Addormentarsi sul lavoro porta sempre male, ma porta ancora peggio se per guadagnarvi da vivere fate le pulizie all’obitorio. Però a volte succede, perché quando inizi il turno alle quattro del mattino sei lessato come una sogliola e ti sembrano comodi e invitanti perfino i letti in acciaio per le autopsie.
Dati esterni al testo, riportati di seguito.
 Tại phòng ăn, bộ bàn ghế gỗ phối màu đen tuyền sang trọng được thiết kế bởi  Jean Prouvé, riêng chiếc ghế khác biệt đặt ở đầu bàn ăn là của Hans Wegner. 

Così una notte non ho resistito e ho formulato il pensiero nefasto, “solo cinque minuti”. Naturalmente, quando i medici hanno preso servizio, alle otto del mattino, io stavo ronfando beata, avvolta in un lenzuolo a mo’ di sudario.
Dovete sapere che gli addetti alle autopsie sono dei gran burloni. Il loro senso dell’umorismo può apparire discutibile, se non si è del ramo, ma quando si passa la vita a sezionare cadaveri è importante non deprimersi. Se poi sta arrivando il primo aprile, si sentono in obbligo di combinarne una ancora più grossa dell’anno precedente, e non gli è parso vero di cogliere l’occasione che gli avevo offerto così incautamente. Me ne sono accorta al risveglio, quando mi sono ritrovata aperta come una rana, sul lettino, con uno dei medici che scrutava con interesse il mio fegato.
Inutile dire che mi sono incazzata come un puma. Sì, è vero, mi piace bere, ma vorrei vedere a chi non piace, quando si arriva al momento della pensione e qualche acida professoressa incartapecorita al governo ti dice che la rendita maturata coi tuoi contributi è andata a puttane e devi continuare a lavorare fino alla morte, però non rendi più come un giovane e ti deportano a fare i “lavori socialmente utili”, pagati una miseria, e pure schifosi, ma sempre quella professoressa dice che non ci possiamo permettere di essere “choosy”… E cosa bevi con una paga di quattrocento euro al mese? La grappa che ci distilliamo da soli nelle fogne, condita coi funghi fosforescenti che crescono sulle pareti muffose. E dopo tutto ciò mi devo trovare pure un mediconzolo col mio fegato in mano, che lo mette a verbale come “ingrossato”? Ingrossato ‘sti due maroni, ragazzino! Gliel’ho strappato dalle mani con le cattive, e poi, ci ho tenuto a puntualizzare, chi cacchio lo aveva autorizzato a farmi l’autopsia? Mica sono morta!
Il ragazzo non si è scomposto più di tanto. Pare che lui sia autorizzato a sezionare qualunque cosa si trovi sui lettini, e in quanto a non essere morta, dal suo punto di vista ero io nel torto, perché mi aveva già estirpato il cuore. E me l’ha pure mostrato, in una vaschetta d’acciaio, a mollo con il resto delle mie frattaglie. A questo punto non ci ho visto più e gli ho fatto una tale piazzata che il giovane si è convinto a rimettere tutti i miei organi nel posto a loro assegnato da madre natura, e a ricucirmi con una bella fila di punti dati a regola d’arte. Quando sono stata soddisfatta del rammendo – un paio di cuciture me le sono dovute far rifare tre volte – sono andata a recuperare i miei abiti e ho cercato consolazione da Domenico, nel bar di Piazza delle Erbe.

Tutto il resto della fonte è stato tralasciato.